___ Extracted records ___

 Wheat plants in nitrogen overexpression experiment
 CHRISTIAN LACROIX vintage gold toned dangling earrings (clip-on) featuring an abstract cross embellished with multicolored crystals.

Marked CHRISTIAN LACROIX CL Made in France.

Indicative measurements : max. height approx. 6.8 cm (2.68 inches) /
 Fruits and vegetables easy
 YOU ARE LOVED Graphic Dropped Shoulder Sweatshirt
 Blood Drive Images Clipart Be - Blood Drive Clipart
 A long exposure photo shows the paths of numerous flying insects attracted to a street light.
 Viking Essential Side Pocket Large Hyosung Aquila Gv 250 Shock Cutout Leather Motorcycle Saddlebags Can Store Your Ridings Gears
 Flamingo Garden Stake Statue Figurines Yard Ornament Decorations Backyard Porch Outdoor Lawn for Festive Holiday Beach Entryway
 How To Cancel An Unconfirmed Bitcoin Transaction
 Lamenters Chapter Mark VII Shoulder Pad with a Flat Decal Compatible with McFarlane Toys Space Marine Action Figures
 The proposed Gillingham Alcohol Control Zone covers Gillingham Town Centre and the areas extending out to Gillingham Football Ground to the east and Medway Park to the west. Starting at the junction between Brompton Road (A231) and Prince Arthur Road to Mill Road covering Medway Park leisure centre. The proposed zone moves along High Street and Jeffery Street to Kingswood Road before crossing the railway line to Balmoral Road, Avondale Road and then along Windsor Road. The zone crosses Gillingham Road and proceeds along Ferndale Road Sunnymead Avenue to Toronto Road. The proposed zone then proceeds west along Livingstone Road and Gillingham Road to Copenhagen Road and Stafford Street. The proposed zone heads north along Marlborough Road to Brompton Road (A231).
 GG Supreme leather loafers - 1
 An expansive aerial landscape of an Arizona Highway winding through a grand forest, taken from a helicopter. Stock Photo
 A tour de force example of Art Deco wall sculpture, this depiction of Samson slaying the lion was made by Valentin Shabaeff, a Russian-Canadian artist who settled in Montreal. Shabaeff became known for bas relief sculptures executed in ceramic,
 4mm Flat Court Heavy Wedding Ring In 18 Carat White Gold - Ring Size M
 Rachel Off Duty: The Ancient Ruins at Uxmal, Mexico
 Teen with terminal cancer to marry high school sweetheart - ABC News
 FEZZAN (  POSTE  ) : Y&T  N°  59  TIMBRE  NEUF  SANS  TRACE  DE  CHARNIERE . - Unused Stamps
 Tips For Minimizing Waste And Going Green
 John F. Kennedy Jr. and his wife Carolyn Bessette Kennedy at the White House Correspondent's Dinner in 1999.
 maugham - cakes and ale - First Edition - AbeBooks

___

Work instruction = Every single entry is to be retyped exactly.

Solution to the exercise =
 Wheat plants in nitrogen overexpression experiment
 CHRISTIAN LACROIX vintage gold toned dangling earrings (clip-on) featuring an abstract cross embellished with multicolored crystals.

Marked CHRISTIAN LACROIX CL Made in France.

Indicative measurements : max. height approx. 6.8 cm (2.68 inches) /
 Fruits and vegetables easy
 YOU ARE LOVED Graphic Dropped Shoulder Sweatshirt
 Blood Drive Images Clipart Be - Blood Drive Clipart
 A long exposure photo shows the paths of numerous flying insects attracted to a street light.
 Viking Essential Side Pocket Large Hyosung Aquila Gv 250 Shock Cutout Leather Motorcycle Saddlebags Can Store Your Ridings Gears
 Flamingo Garden Stake Statue Figurines Yard Ornament Decorations Backyard Porch Outdoor Lawn for Festive Holiday Beach Entryway
 How To Cancel An Unconfirmed Bitcoin Transaction
 Lamenters Chapter Mark VII Shoulder Pad with a Flat Decal Compatible with McFarlane Toys Space Marine Action Figures
 The proposed Gillingham Alcohol Control Zone covers Gillingham Town Centre and the areas extending out to Gillingham Football Ground to the east and Medway Park to the west. Starting at the junction between Brompton Road (A231) and Prince Arthur Road to Mill Road covering Medway Park leisure centre. The proposed zone moves along High Street and Jeffery Street to Kingswood Road before crossing the railway line to Balmoral Road, Avondale Road and then along Windsor Road. The zone crosses Gillingham Road and proceeds along Ferndale Road Sunnymead Avenue to Toronto Road. The proposed zone then proceeds west along Livingstone Road and Gillingham Road to Copenhagen Road and Stafford Street. The proposed zone heads north along Marlborough Road to Brompton Road (A231).
 GG Supreme leather loafers - 1
 An expansive aerial landscape of an Arizona Highway winding through a grand forest, taken from a helicopter. Stock Photo
 A tour de force example of Art Deco wall sculpture, this depiction of Samson slaying the lion was made by Valentin Shabaeff, a Russian-Canadian artist who settled in Montreal. Shabaeff became known for bas relief sculptures executed in ceramic,
 4mm Flat Court Heavy Wedding Ring In 18 Carat White Gold - Ring Size M
 Rachel Off Duty: The Ancient Ruins at Uxmal, Mexico
 Teen with terminal cancer to marry high school sweetheart - ABC News
 FEZZAN (  POSTE  ) : Y&T  N°  59  TIMBRE  NEUF  SANS  TRACE  DE  CHARNIERE . - Unused Stamps
 Tips For Minimizing Waste And Going Green
 John F. Kennedy Jr. and his wife Carolyn Bessette Kennedy at the White House Correspondent's Dinner in 1999.
 maugham - cakes and ale - First Edition - AbeBooks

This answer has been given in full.